May 1 2014
By Lucy Piper, Senior medwireNews Reporter
Vitrectomy with peeling of the internal limiting membrane (ILM) of the retina improves the outcome of idiopathic full-thickness macular hole (FTMH) surgery compared with no peeling, study findings show.
“The rationale for ILM peeling is to relieve tractional forces occurring around the fovea and ensure that any epiretinal tissue that could cause foveal traction, including epiretinal membranes, is removed,” say researchers, led by Noemi Lois, from Queens University in Belfast, UK.
Their systematic review and meta-analysis of data from four randomised controlled trials involving 314 patients indicated that peeling in 162 patients improved best-corrected distance visual acuity at 3 months compared with no peeling in 152, with a mean difference of –0.09.
However, there was no difference in visual acuity at 6 months, note the researchers, who explain that by this time, most of the patients who did not initially receive peeling had undergone the procedure as part of further surgery for failed macular hole closure, in line with standard clinical practice.
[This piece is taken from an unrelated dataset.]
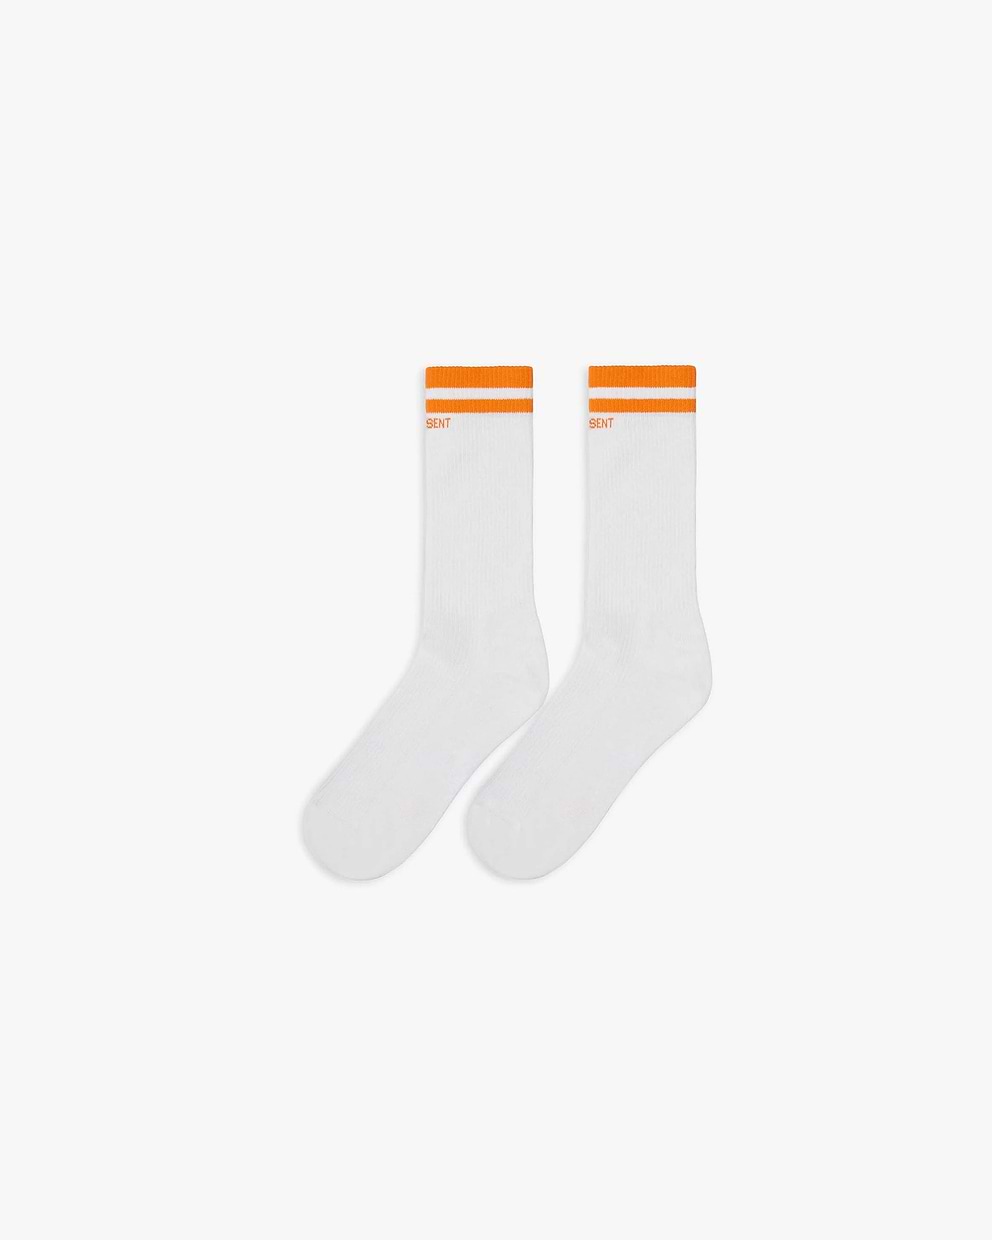 Represent College Socks - Neon Orange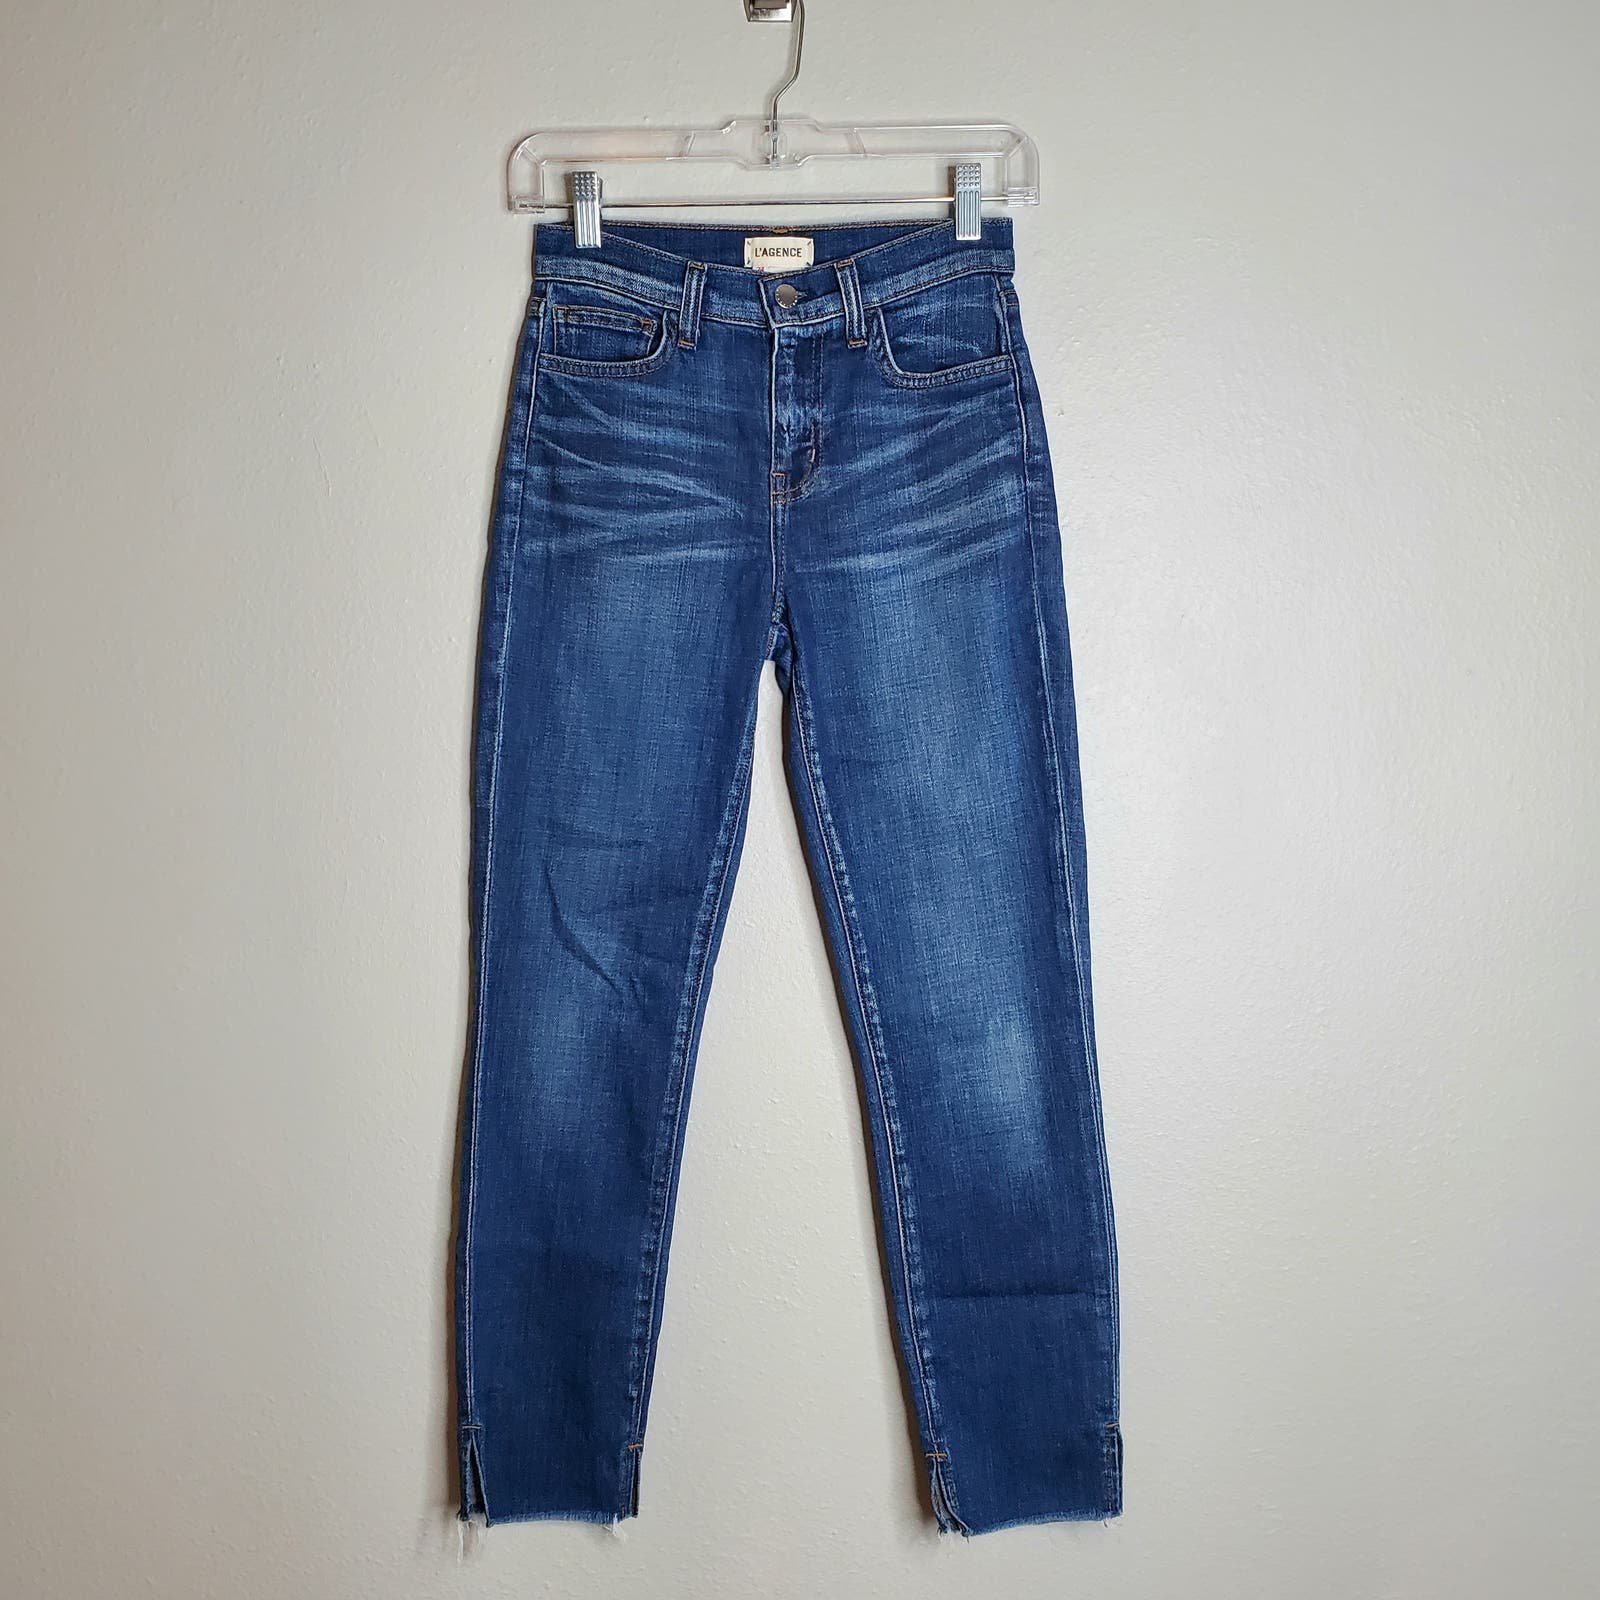 Fashion L´Agence Nicoline Slim High Rise Jeans Diamond Wash Size 24 jC7Yhpl0a Low Price

Macular hole closure was significantly more likely to occur in patients in the peeling group, at an odds ratio of 9.27 for primary hole closure and 3.99 for final hole closure. And the patients’ likelihood of needing additional surgery was reduced by a significant 89% with ILM peeling.
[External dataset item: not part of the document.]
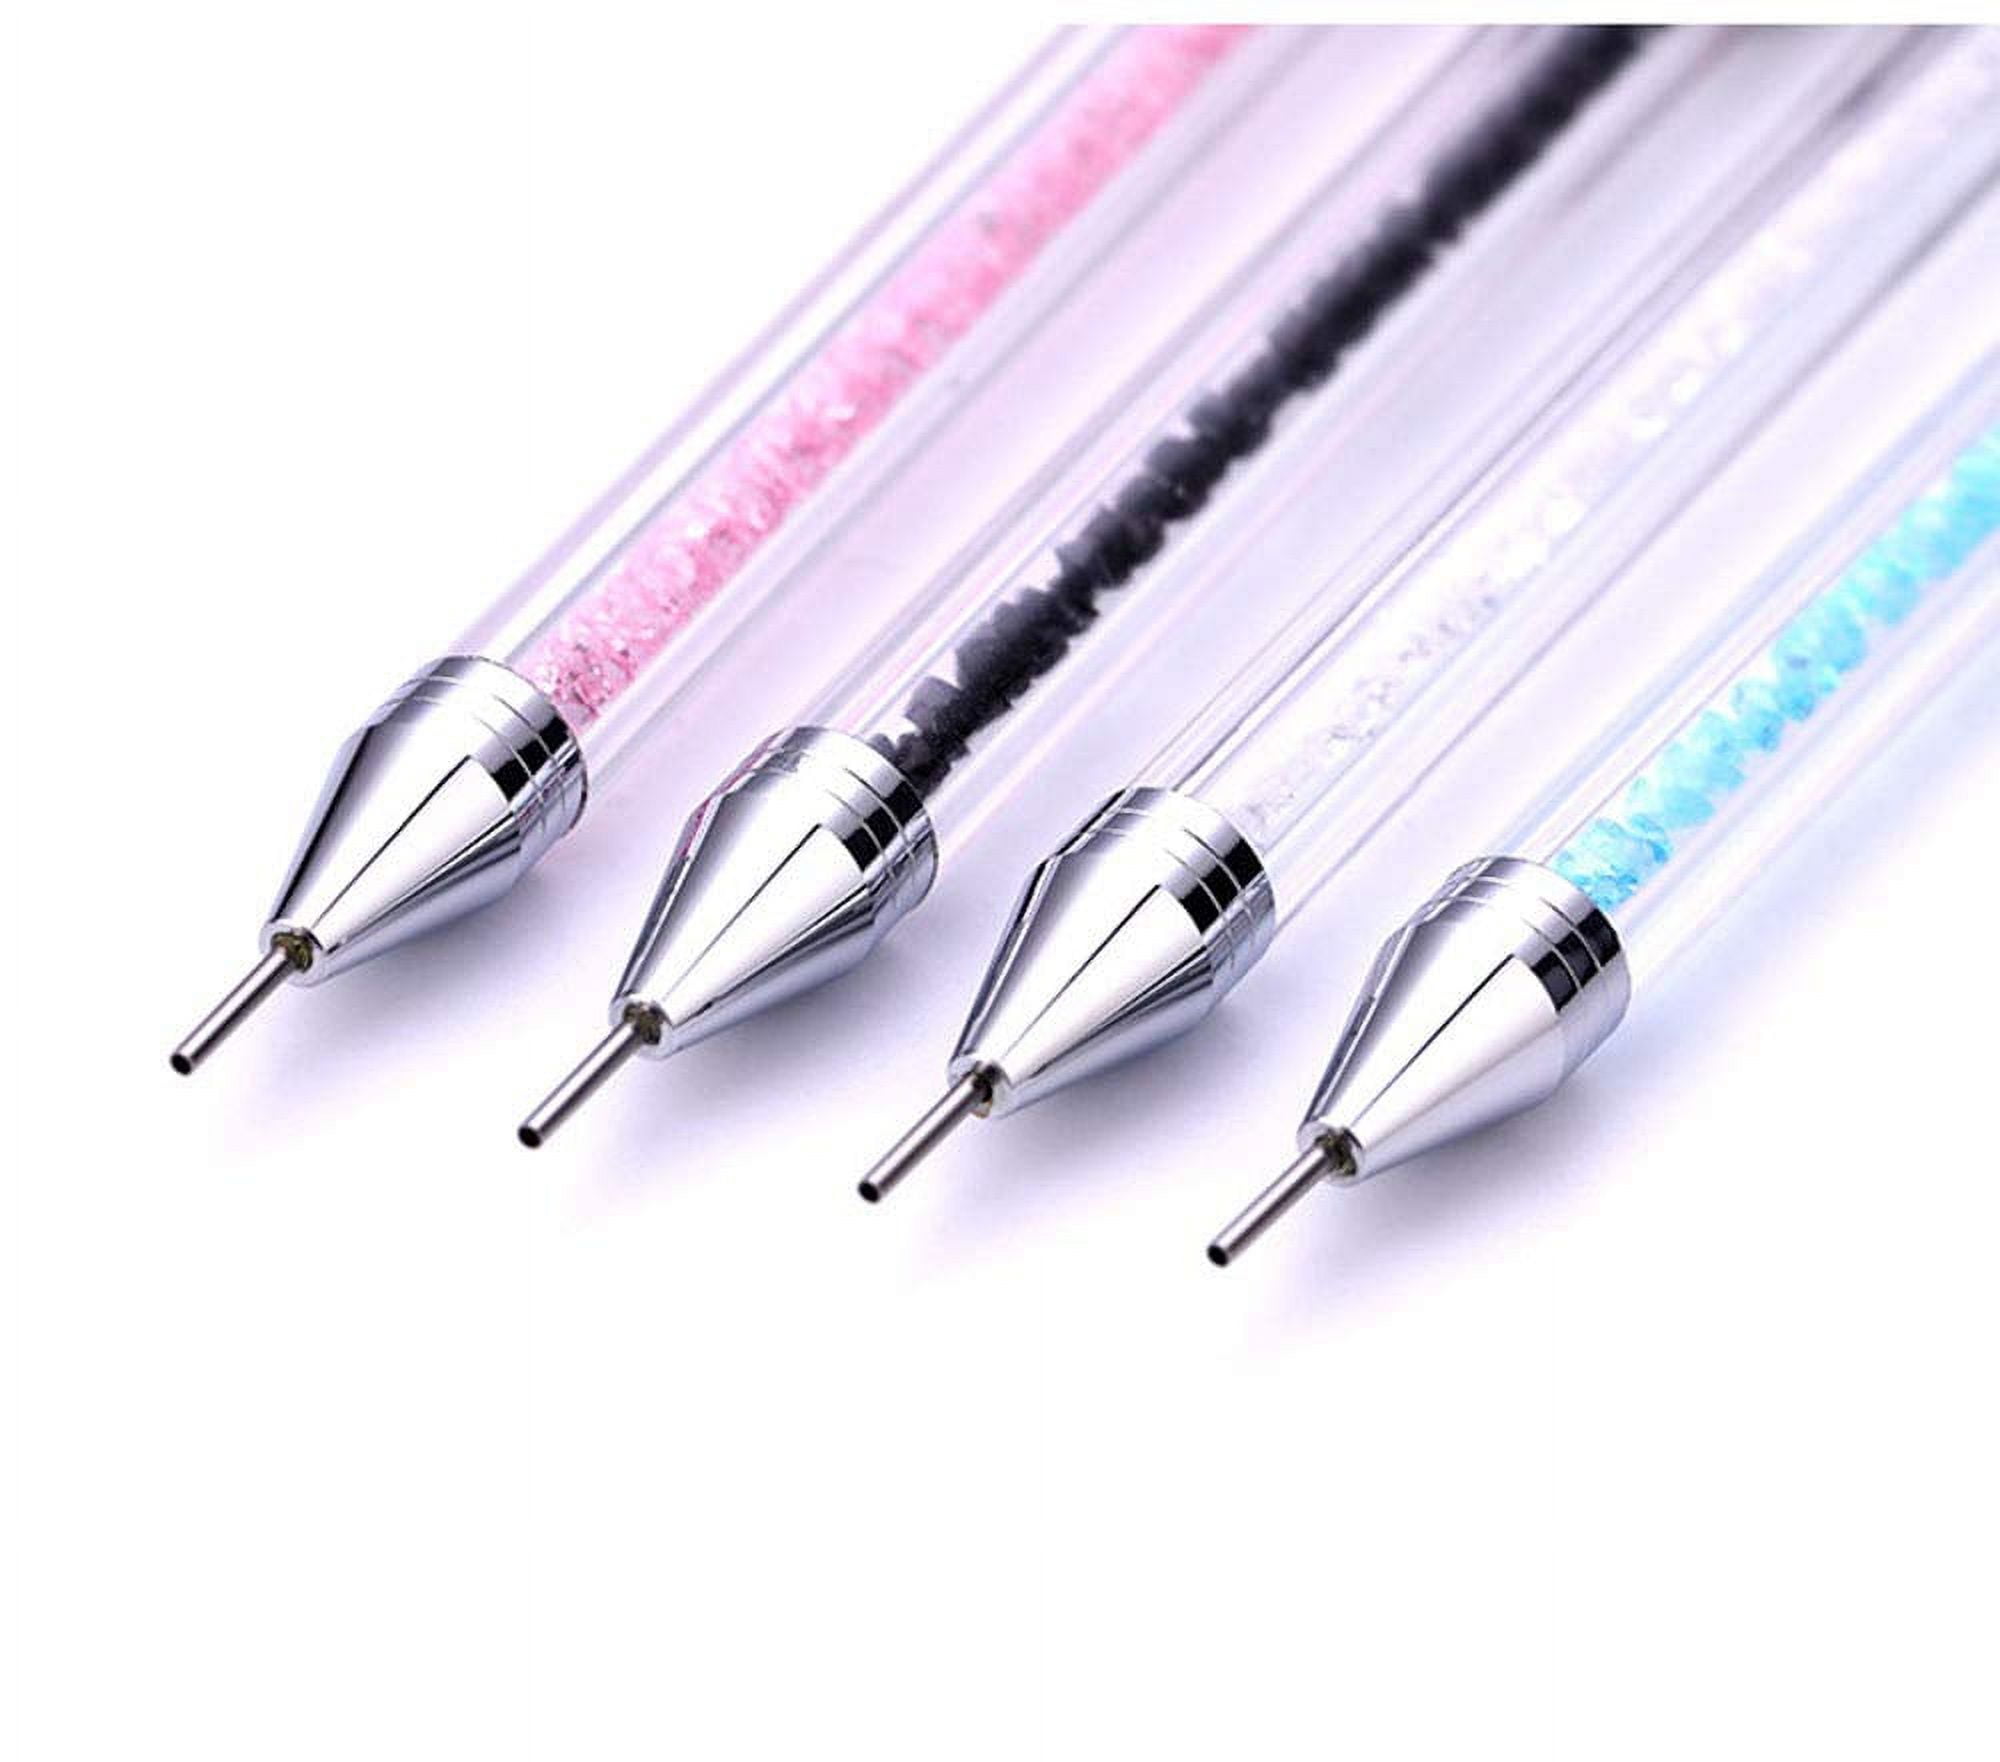 Dual-head Rhinestone Picker Pen - Wax head / Dot head / Dotting Tool / –  Dynamic Nail Supply

These benefits occurred without an increase in intraoperative or postoperative complications, rates of which were lower with ILM peeling, albeit not significantly so, the researchers write in Ophthalmology.
Patient-reported outcomes at 6 months were similar between the two groups, based on data from one trial. This may, again, reflect the fact that most patients in the no-peel group had received ILM peeling by then and suggests “that it is the final result (improved vision and quality of life) rather than what happens on the way to achieving it (e.g., surgery, hospital visits) that seems to be influencing patients most”, say Lois and colleagues.
These findings, and evidence from one trial that ILM peeling is “highly likely” to be cost-effective compared with no peeling, lead the researchers to believe “that this therapeutic approach may be the most advisable for the treatment patients with idiopathic FTMH.”